The IRS has issued a Private Letter Ruling (PLR 202434006) that provides a mechanism for employers to allow employees some level of choice about how to allocate employer contributions amongst various employee benefits. But there are considerations to keep in mind to avoid constructive receipt, such as the election timing and irrevocability. As is the case with most benefit changes, this strategy involves considerable communication and additional administrative tasks and may impact non-discrimination testing. Employers also should keep in mind that PLRs are only binding on the actual recipient. 

Here some key takeaways:

  • Benefit allocation options: Employers choose to design their plans so that employees can allocate their employer contributions to certain accounts, including a defined contribution (DC) plan, a Health Savings Account (HSA), a Health Reimbursement Arrangement (HRA), or tuition and student loan repayments via a Section 127 educational assistance plan.

  • Non-cash contributions: Contributions must be allocated to these accounts and cannot be taken as cash. This provision helps avoid complications with cash or deferred compensation rules and ensures compliance with non-discrimination tests.

  • Tax advantages: Contributions to HSAs and HRAs are excluded from employees’ gross income if they stay within statutory limits. Note that the tuition and student loan repayment benefit is set to expire after 2025 unless Congress extends it.

  • Administrative considerations: Employers will need to navigate the complexities of administering these benefits, including employee communications, management of contribution limits, and timing of employee annual elections. Further, this strategy may impact non-discrimination testing.

  • Employee perspective: Because employees will be able to choose the benefit area receiving the contribution, it is likely that their appreciation for the amount will increase. However, appreciation could be muted if it is difficult for employees to make their selection. Employers will need to have an easy-to-use interface so workers can see the link the between benefits. 

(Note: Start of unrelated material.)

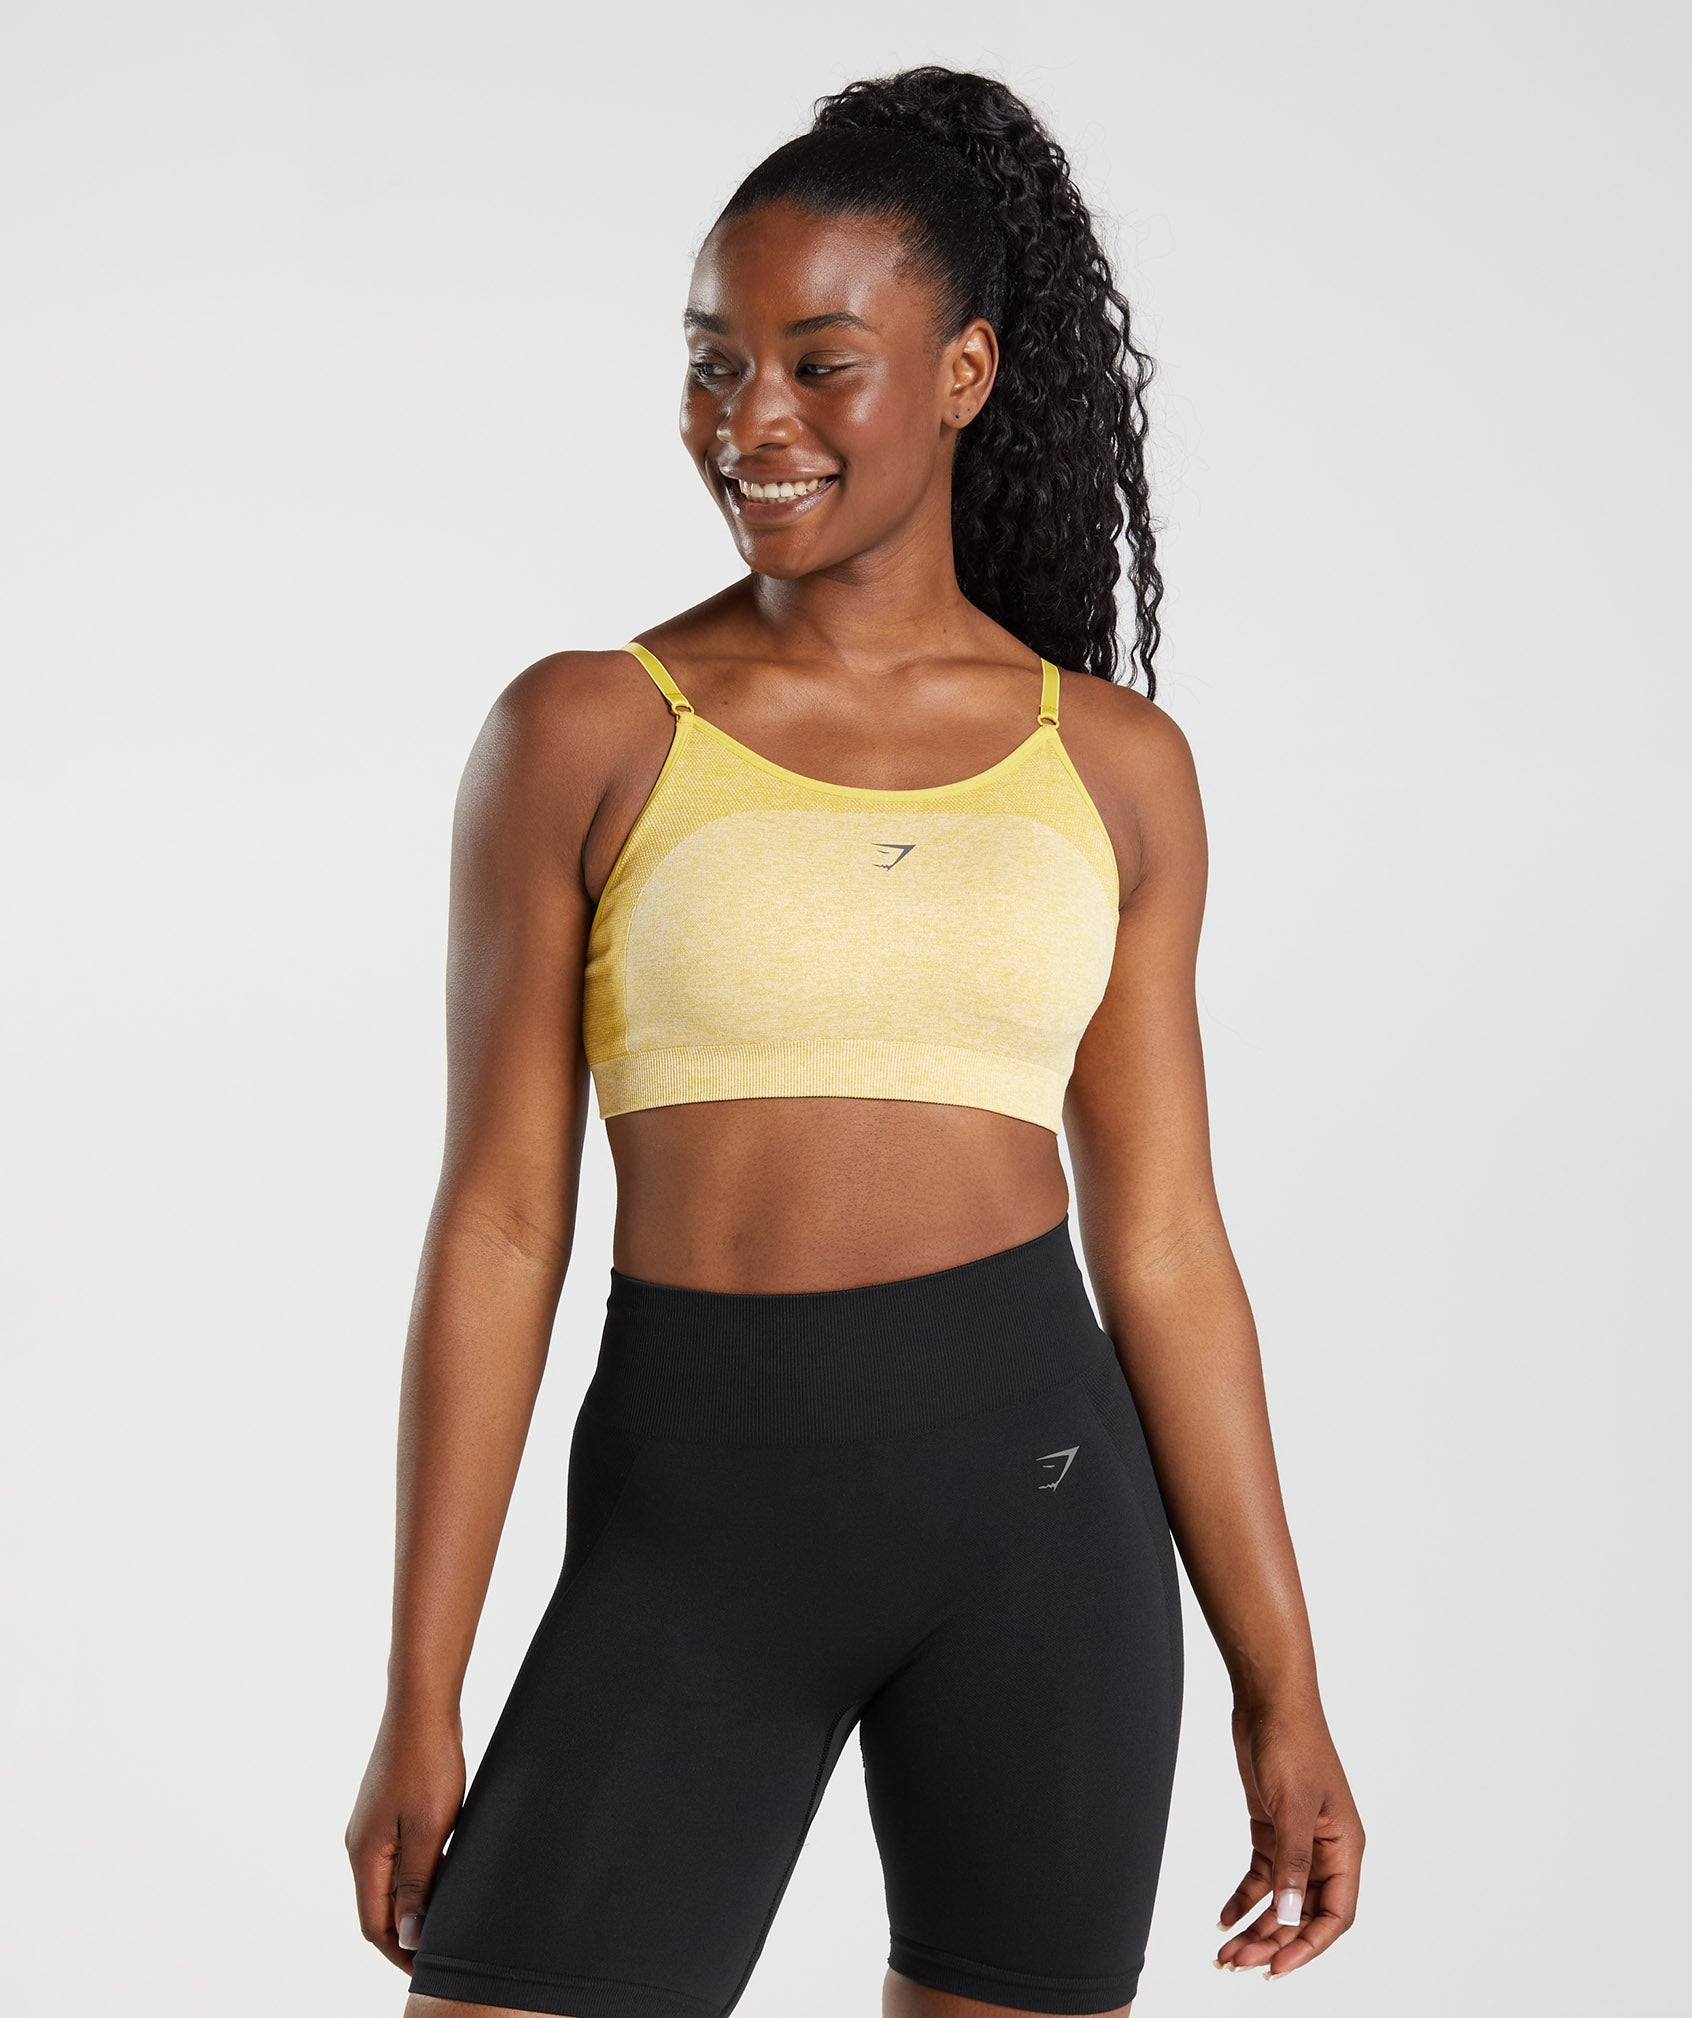 Gymshark ruched sports bra firefly green - $38 - From Flipped

Limitations and considerations

While this PLR provides for some flexibility in allocating a certain type of employer contribution, it’s limited in scope because it applies only to plans that include non-elective 401(k) contributions. Specifically, this PLR excludes matching contributions — a major barrier to creating a more comprehensive "super-flex" benefit design. According to Alight’s 2023 Trends survey, approximately one-quarter of large plans currently offer non-elective contributions.

Additionally, the non-elective contributions must be immediately vested, which increases costs for employers. Half of companies with non-elective contributions already offer immediate vesting, while the other half does not.

As it stands, only about one in eight companies would meet the criteria outlined in the PLR for the flexible benefit structure. Additionally, employers must offer HSAs, HRAs, and/or tuition and student loan repayment programs, so this could further decrease the applicable audience.

It’s important to note that a Private Letter Ruling applies only to the plan sponsor that requested it. Employers interested in offering a similar program should consult their ERISA counsel for guidance and consider seeking their own PLR to ensure compliance with IRS guidelines.